How It’s New York: The plays are written by a New York rock legend (Larry Kirwan) and a City College professor (Seamus Scanlon), it’s playing in a cool downtown NYC theatre space, and it’s getting the enough New York buzz to extend its run: through Mar. 29!
“Shower of bastards – spittin’ at us and spatterin’ us with horseshite as we were frog- marched out of the GPO and into this hellhole!”
Jed Peterson and Ciaran Byrne (@Christina Kim) |
Scene Two goes the heart of the drama, a flashback to 1913 when Connolly disappeared, held in secret for three days by the rival Irish Republic Brotherhood. Kirwan scripted and Kira Simring directed a scene of escalating tension played out at close quarters, a boxing match with three contestants, whose rivalries and alliances shifting round by round. There’s Connolly, the vibrant prole of the Dublin’s slums termed the worst in Europe; Sean MacDermott (Jed Peterson), the wraithlike organizer of the IRB–pale, gaunt, stricken with polio, which at least left him with a cane to wield; and Padraig Pearse (Paul Nugent)–poet, barrister, Gaelic language proponent, who would be the President of the Irish Republic in the few days before the Rising was crushed. As they spar, a breakthrough is blundered into, a tense equilibrium achieved, a wan handshake brokered and the fates of these three and many more are sealed. “Blood” ends where it began, Connolly alone in Kilmainham Jail awaiting his own bitter conclusion to the Rising.
Kirwan gives his actors a great material—a compelling historical incident, tightly laced dialogue and rich dramatic possibilities–and they rise to the challenge. Ciaran Byrne’s Connolly is impassioned, physical, pugnacious, instinctive, with the down-to-earth sensibilities of a family man and an appealing northern tinged accent. Jed Peterson’s Sean McDermott is cold, austere, conniving, a fatalist and he plays the character’s stiffly challenged physical infirmities convincingly. Paul Nugent plays Pearce as a conciliator, opportunist, a bit out of his league and uncomfortable in his own skin, with a Mitt Romney-esque awkwardness when he tries for the common touch, but with steely conviction for the cause at his core.
He comes back with a flourish in Seamus Scanlon’s “Dancing with Lunacy” in an indelibly rendered character named McGowan, an offbeat wiseass, fuelled by manic energy and freshly brewed tea, a pop music loving, gun toting, Clockwork Orange caliber sociopath for the Republican cause. The play’s title is an apt wordplay on Brian Friel’s Dancing at Lughnasa, especially in the manic moment when McGowan pistons up and down in a punk dance called Pogo (think Irish step dancing weaponized and on crack…not craic).

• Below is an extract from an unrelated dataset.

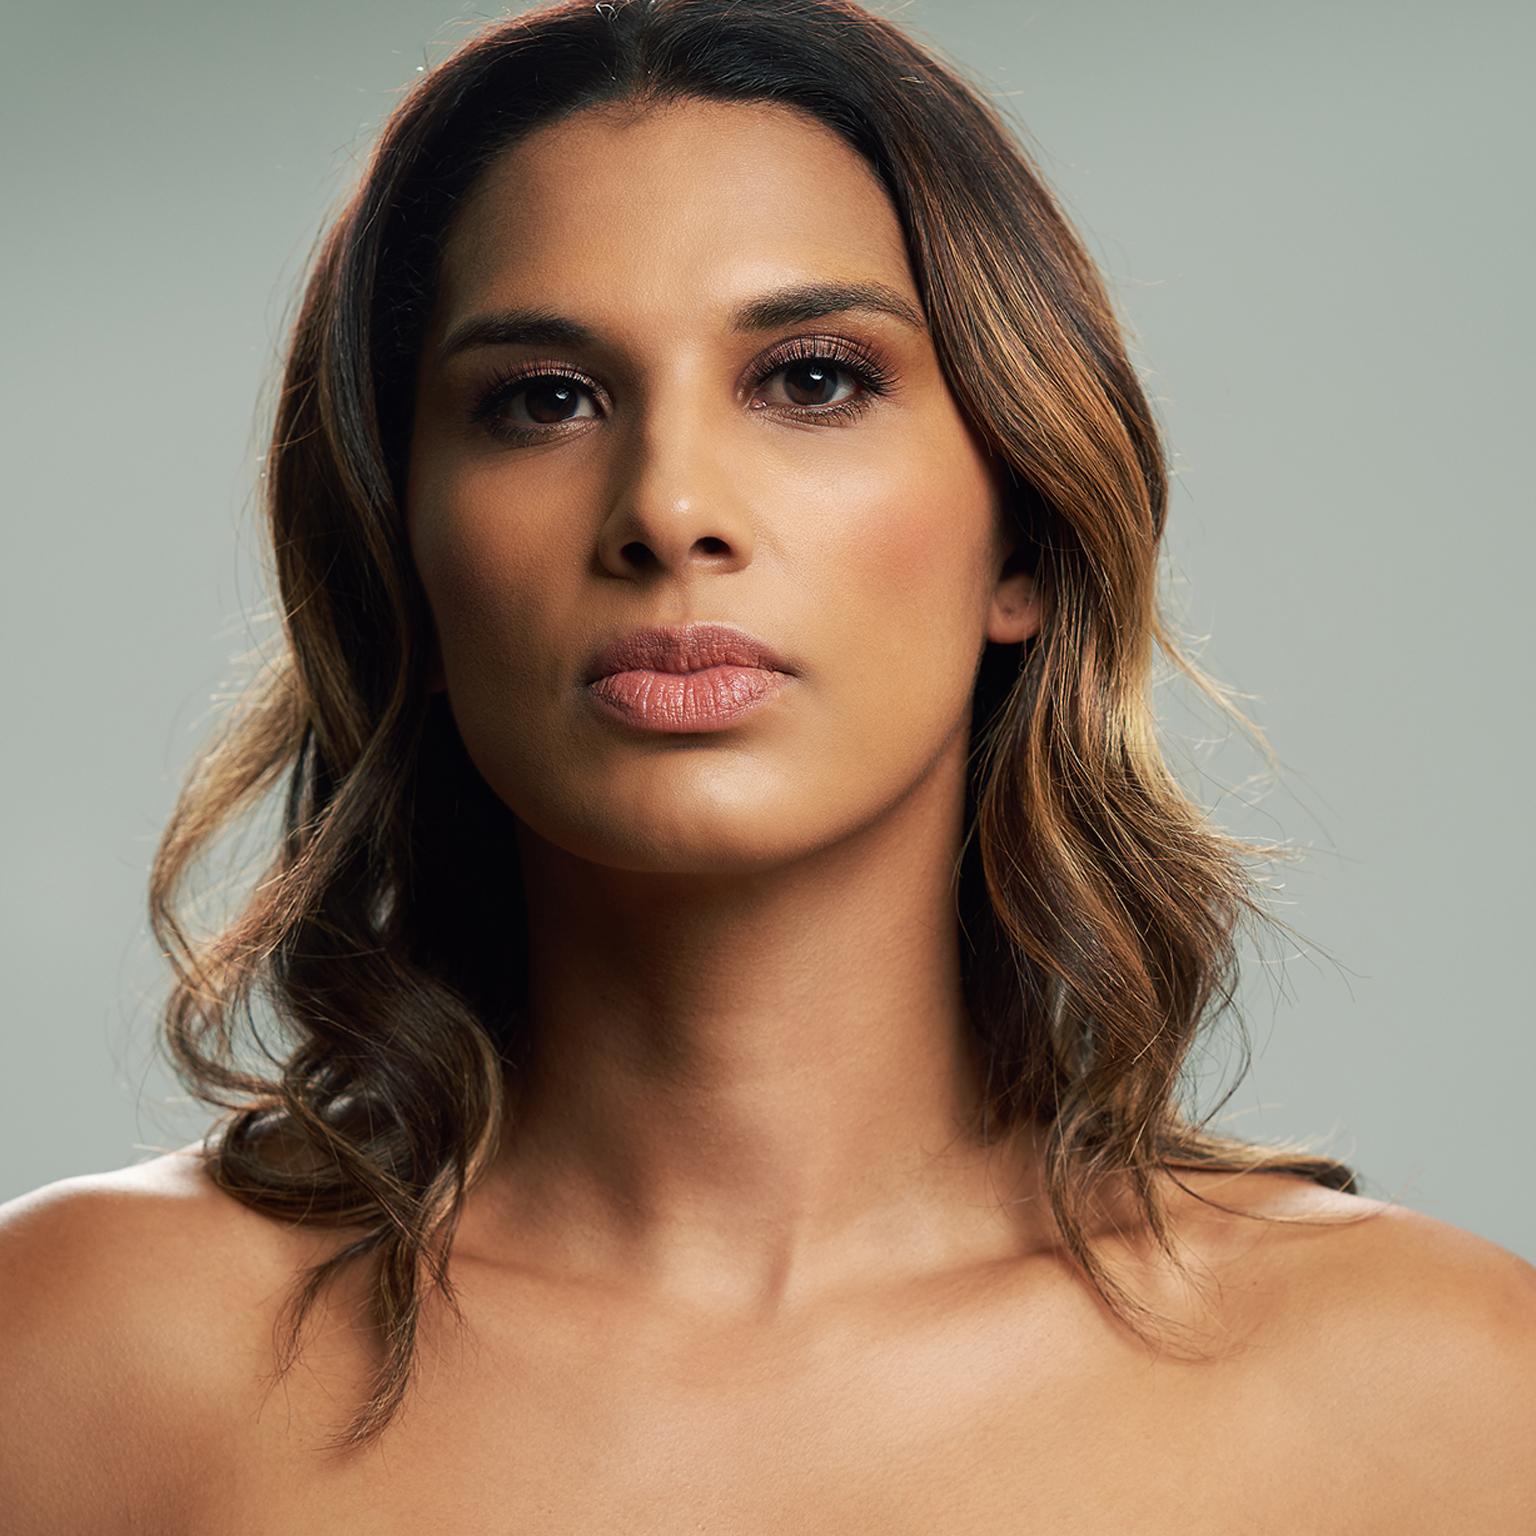 Toronto-Fitness-Model-Agency-Lifestyle-Beauty-Portrait-Valerie-Saunders

Paul Nugent Dancing the Pogo (@Christina Kim) |
“Dancing…” opens in dead-end Irish Republican drinking club, a young guy behind an old bar, and a couple of bar flies enjoying their stupor, until McGowan cajoles his way in, looking natty in tight fitting jacket over a Black 47 tee shirt. His banter is weird, entertaining and unsettling with an edge sharp enough to slice onions. With the arrival of an older man, the IRA hard guy Pender (Phil Callen), things get awfully serious, awfully fast as McGowan, Pender and a bar patron named Ahern (Todd Pate), an alumnus of infamous Long Kesh prison, become a terrible triangle with a traitor at its core. The scene escalates in menace and violence as quickly as it retreats from sanity and civilization.
Philip Callen, Brett Aresco, Todd Pate (@Christina Kim) |
Scanlon has crafted a powerful piece that refuses to romanticize “The Troubles” and created in McGowan an original, chilling and bizarrely memorable character.